EME 812
Utility Solar Power and Concentration

9.1. Options for energy storage


9.1. Options for energy storage

Because solar energy supply is variable in time, energy storage is an important issue. Energy storage is used to collect the energy generated by the solar conversion systems (thermal or photovoltaic) in order to release it later on demand. This can be a situation when sufficient power is produced during the day, and stored energy is used during the night. Also, when insolation conditions are ideal, the solar system may produce enough power for the target application, but on dull days, direct energy supply from collectors is diminished, and the energy from the storage is used to compensate the deficit. Energy storage devices help to smooth out differences and minor fluctuations in energy supply caused by shading, passing clouds, etc. Development of efficient and cost-effective energy storage is considered the main bottleneck of the universal development of solar systems.

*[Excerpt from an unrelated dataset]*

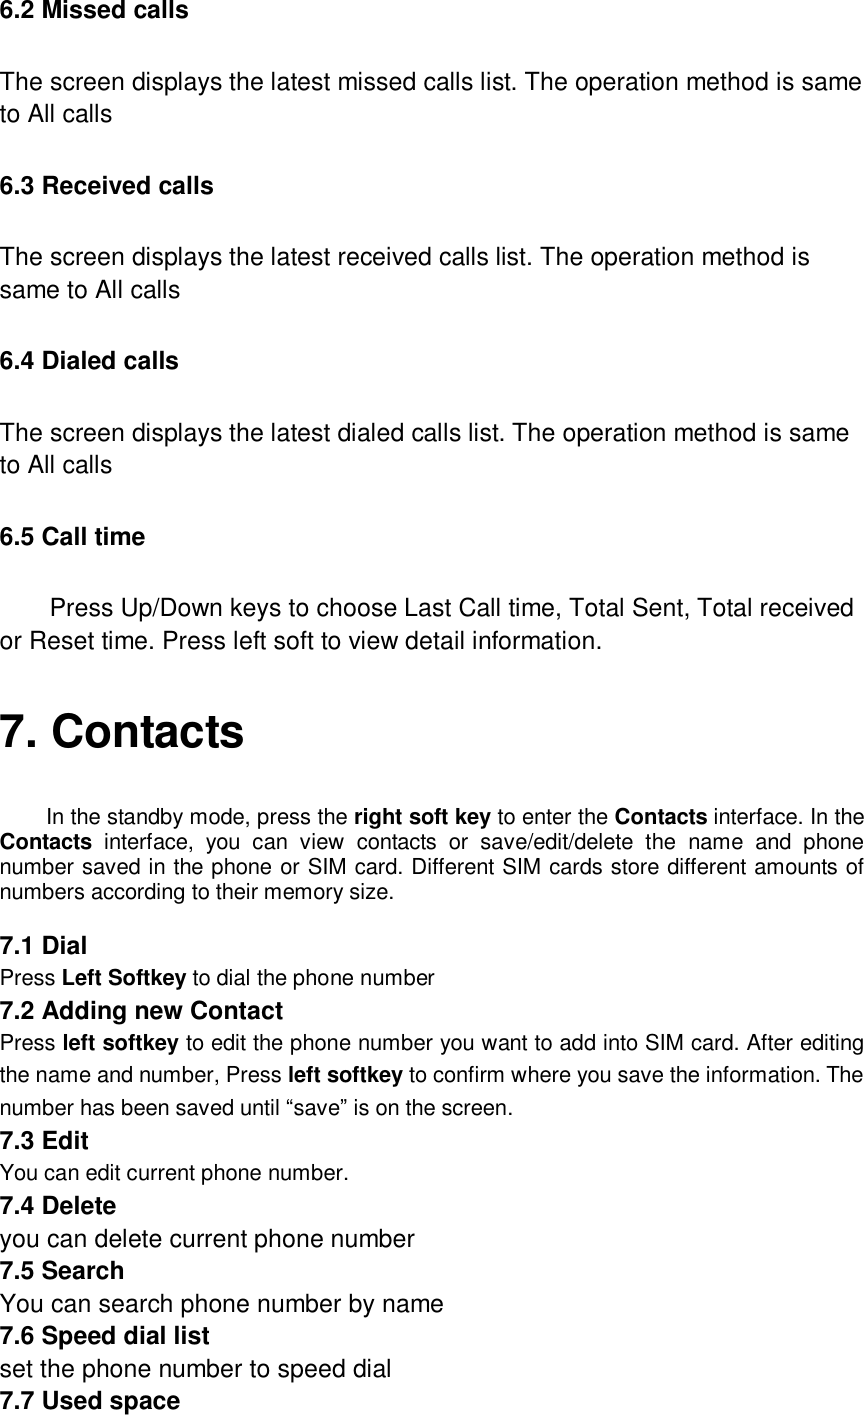  6.2 Missed calls The screen displays the latest missed calls list. The operation method is same to All calls 6.3 Received calls The screen displays the latest received calls list. The operation method is same to All calls 6.4 Dialed calls The screen displays the latest dialed calls list. The operation method is same to All calls 6.5 Call time Press Up/Down keys to choose Last Call time, Total Sent, Total received or Reset time. Press left soft to view detail information. 7. Contacts  In the standby mode, press the right soft key to enter the Contacts interface. In the Contacts interface, you can view contacts or save/edit/delete the name and phone number saved in the phone or SIM card. Different SIM cards store different amounts of numbers according to their memory size.  7.1 Dial Press Left Softkey to dial the phone number 7.2 Adding new Contact Press left softkey to edit the phone number you want to add into SIM card. After editing the name and number, Press left softkey to confirm where you save the information. The number has been saved until “save” is on the screen. 7.3 Edit You can edit current phone number. 7.4 Delete you can delete current phone number 7.5 Search You can search phone number by name 7.6 Speed dial list set the phone number to speed dial 7.7 Used space

There are quite a few different technology options for energy storage, which are briefly outlined below:

  1. Grid. For grid connected solar systems, the most natural and cost-effective way would be to store energy in the grid. The main idea here is that the DC power from a solar facility (array or farm) is converted to AC power and is fed to the grid and further on is used for on-site or off-site applications. This way, the grid acts as the medium that collects energy from different power-making facilities (renewable or non-renewable) and redistributes it as necessary. Since a grid does not really represent a separate system that is part of a solar plant, it will not be discussed further in this lesson.
  2. Fluid. Fluid-based storage is typically used with solar thermal systems. Unlike grid, which stores electrical energy, fluids store thermal energy. Fluids, such as water, oil, molten salt or others act as a medium for absorbing heat. The main idea is that the solar radiation heats the heat-transfer fluid which is accumulated in the tank. The tank is insulated, so the hot fluid keeps its temperature for a substantial period of time. When needed, the heated fluid is used in a heat-exchanger to produce steam for the electric generator. This type of thermal energy storage was discussed in more detail in Lesson 8.
  3. Battery. A battery is an electrochemical device that stores chemical energy in internal components and releases energy as electricity, which is generated through electrochemical reactions. Batteries are reversible, i.e., can be charged and discharged, and the parameters of these processes are regulated to avoid damage by overcharging or over-discharging. Battery life is expressed in number of charge-discharge cycles. There are many different types of batteries, some of which will be discussed further in this lesson.
  4. Hydrogen. The idea behind hydrogen storage is that electricity generated by solar PV systems can be used to electrolyze water - to split it to hydrogen and oxygen. Further, hydrogen gas is collected and can be used as a fuel. One of the highly efficient devices "converting" hydrogen back to electricity is H2/O2 fuel cell, which has zero carbon footprint during operation.
  5. Compressed air. In this case, the electrical energy produced by a PV solar system is used to run compressors to compress massive amounts of air and store it in underground, above-ground, or underwater containers. Later on, when energy is needed, the air is decompressed and is supplied to a turbine to generate electricity. Compressed air energy systems (CAES) promise high efficiencies, although this technology is not yet widely implemented.
  6. Pumped storage hydropower. The available energy can be used to pump water into an elevated reservoir for storage. When power is needed, the water can be discharged under gravity to run a turbine, which is connected to a generator to produce electricity. The same as compressed air systems, the pumped storage technology has high energy return on investment, although it may require special topographical conditions and water availability in order to be used.

All of the above options for energy storage should be employed with understanding the facility needs and capacity. What energy storage is efficient for small residential systems may be insufficient or too costly when scaled up to the utility-size systems. Determining capacity of energy storage for a particular solar project is an important technical and economic issue. For example, if the capacity of the storage is too large compared to the energy produced by the solar conversion facility, the total system cost will be unnecessarily increased. On the contrary, if the capacity of the storage is too small, that leads to energy dumping and overall unsatisfactory plant performance.

In the following sections, we will discuss different energy storage options that can be possibly applied to utility scale solar systems.